Dental issues loom large in myotonic dystrophy. Structural issues with teeth and gums. Lack of physical strength to properly clean teeth are a number of the issues that come up. Here is a recent case study of a young adult with DM1 that shows with extensive work a good outcome can occur. Here is the abstract:

Surgical Orthodontic Treatment of a Patient Affected by Type 1 Myotonic Dystrophy (Steinert Syndrome).

Abstract

Myotonic dystrophy, or Steinert’s disease, is the most common form of muscular dystrophy that occurs in adults. This multisystemic form involves the skeletal muscles but affects also the eye, the endocrine system, the central nervous system, and the cardiac system. The weakness of the facial muscles causes a characteristic facial appearance frequently associated with malocclusions. Young people with myotonic dystrophy, who also have severe malocclusions, have bad oral functions such as chewing, breathing, and phonation.
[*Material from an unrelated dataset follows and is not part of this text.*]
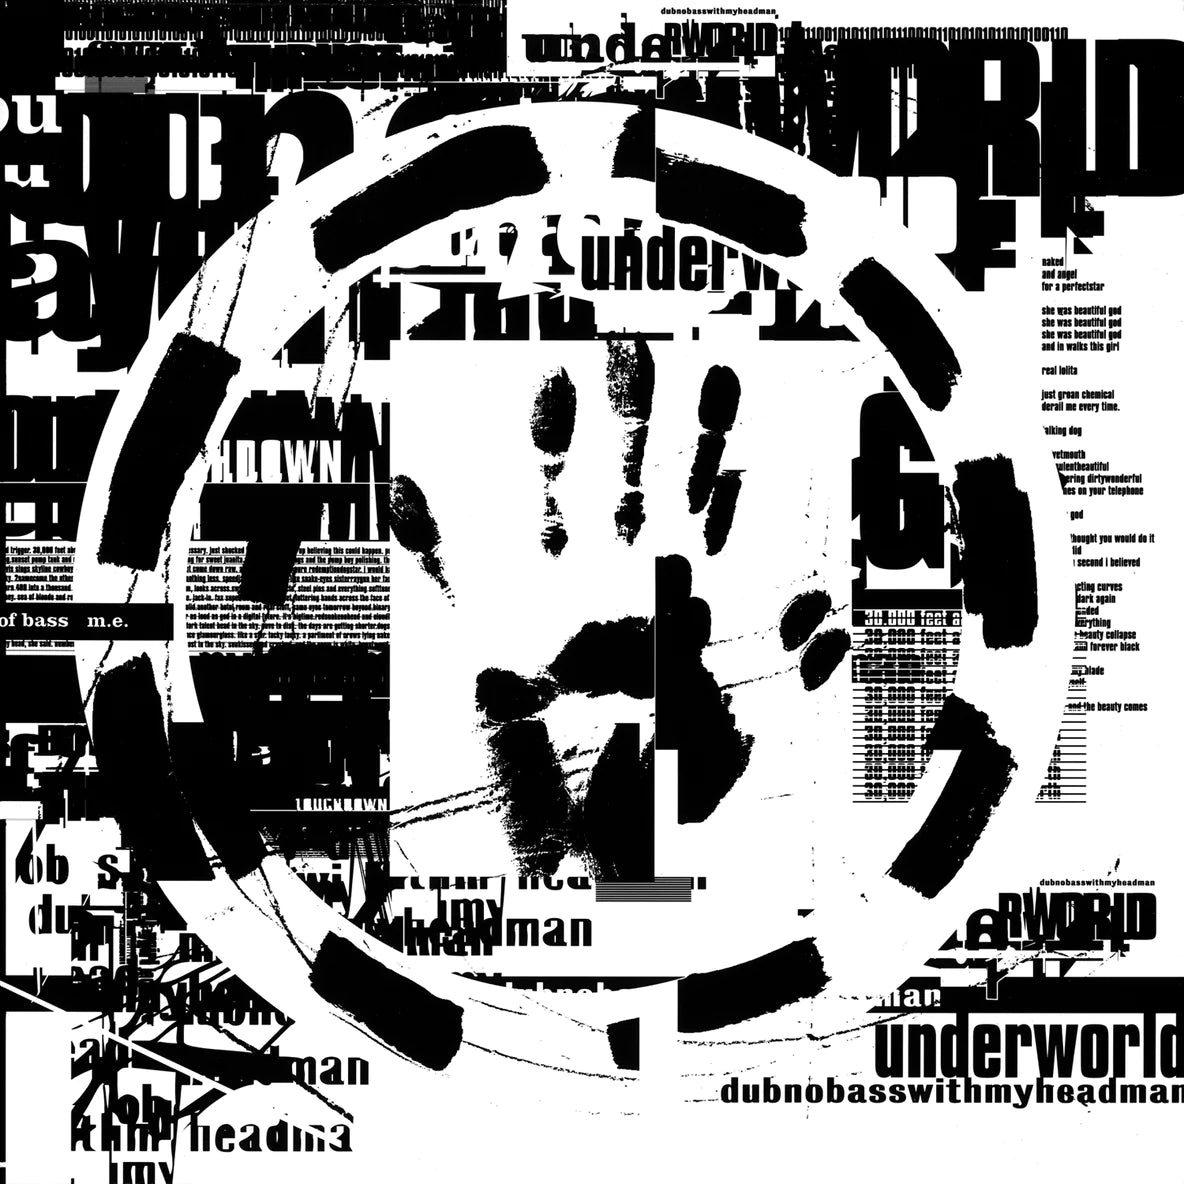 Underworld - Dubnobass... Double LP (1994)
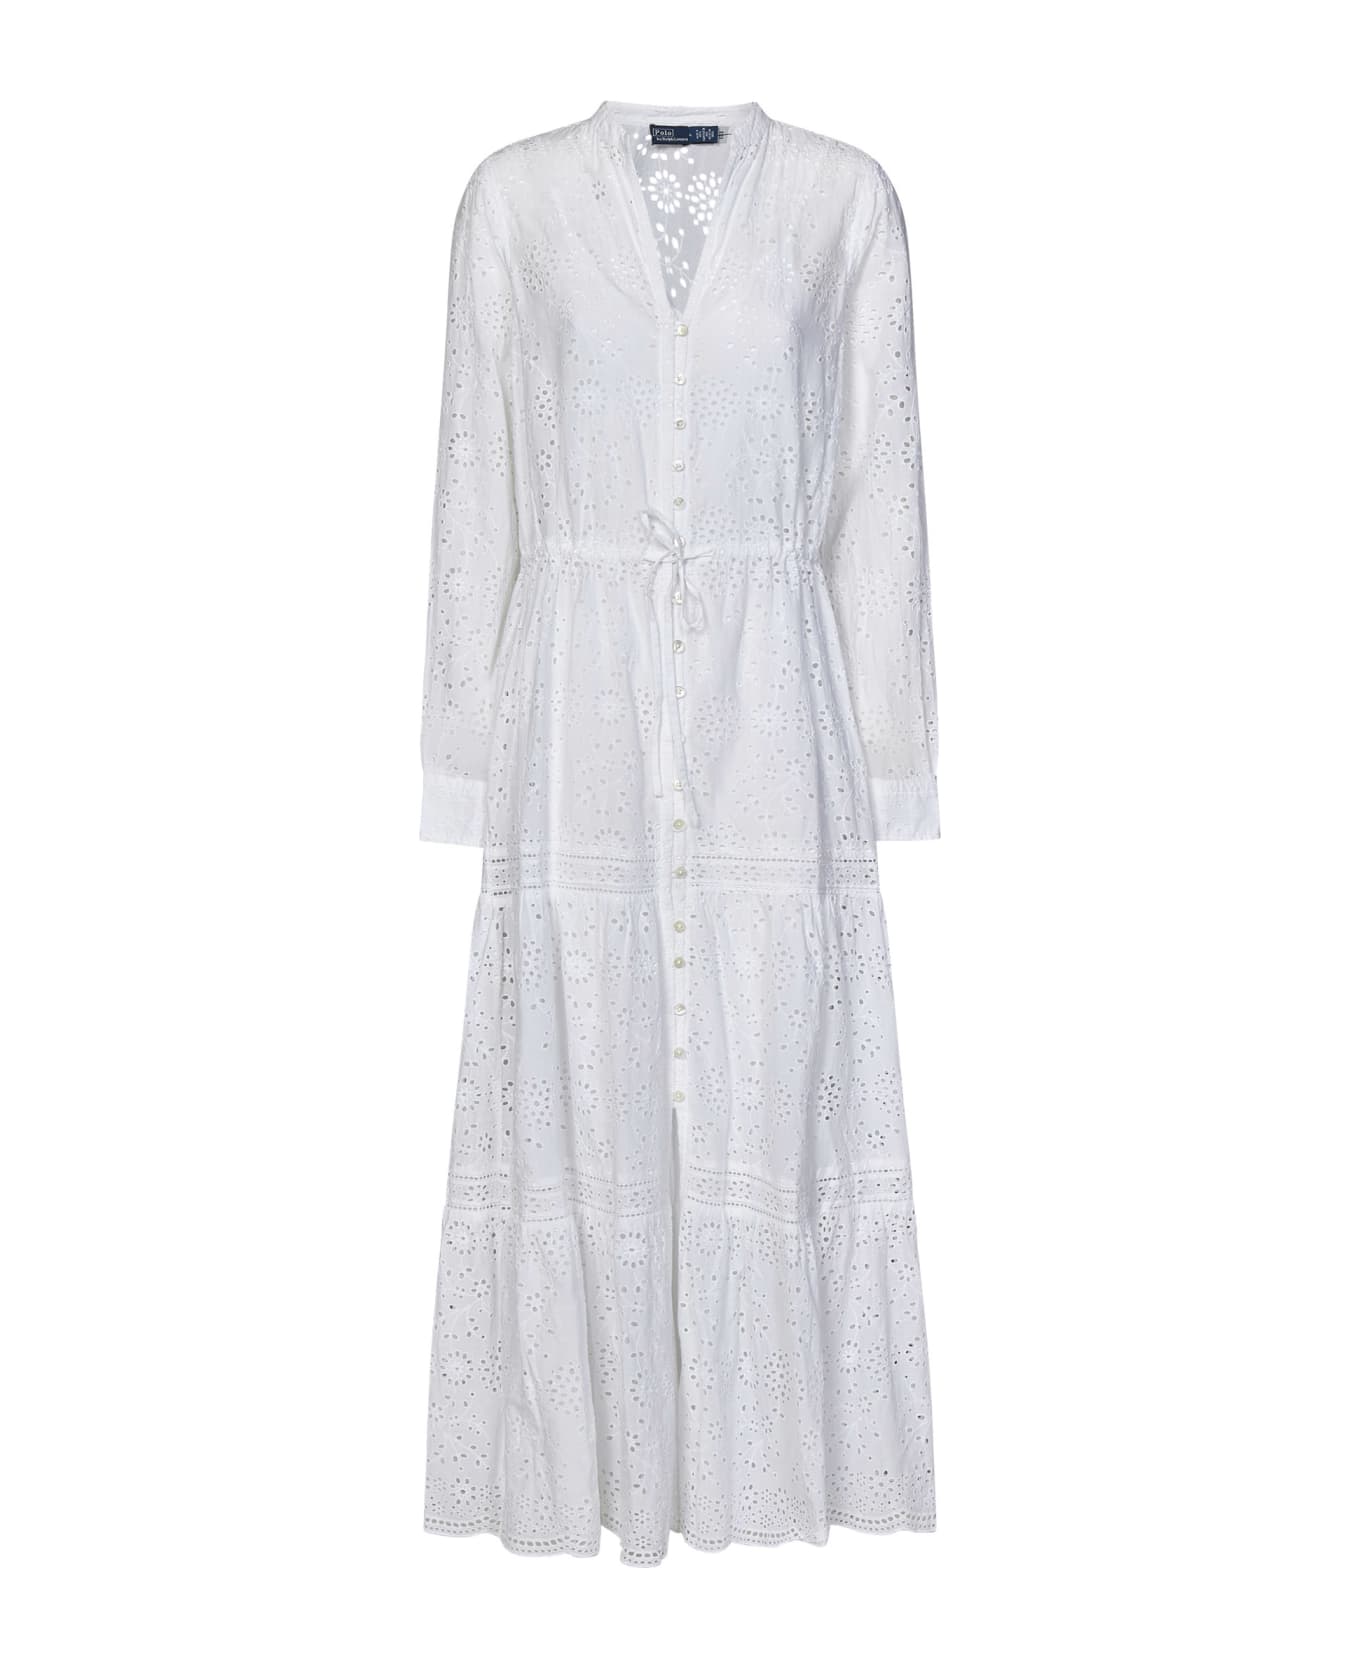 Polo Ralph Lauren Ralph Lauren Dress - White

We present a case report of a 15-year-old boy with anterior open bite, upper and lower dental crowding, bilateral crossbite, and constriction of the upper jaw with a high and narrow palate. The patient’s need was to improve his quality of life. Because of the severity of skeletal malocclusion, it was necessary to schedule a combined orthodontic and surgical therapy in order to achieve the highest aesthetic and functional result. Although therapy caused an improvement in patient’s quality of life, the clinical management of the case was hard. The article shows a balance between costs and benefits of a therapy that challenges the nature of the main problem of the patient, and it is useful to identify the most appropriate course of treatment for similar cases.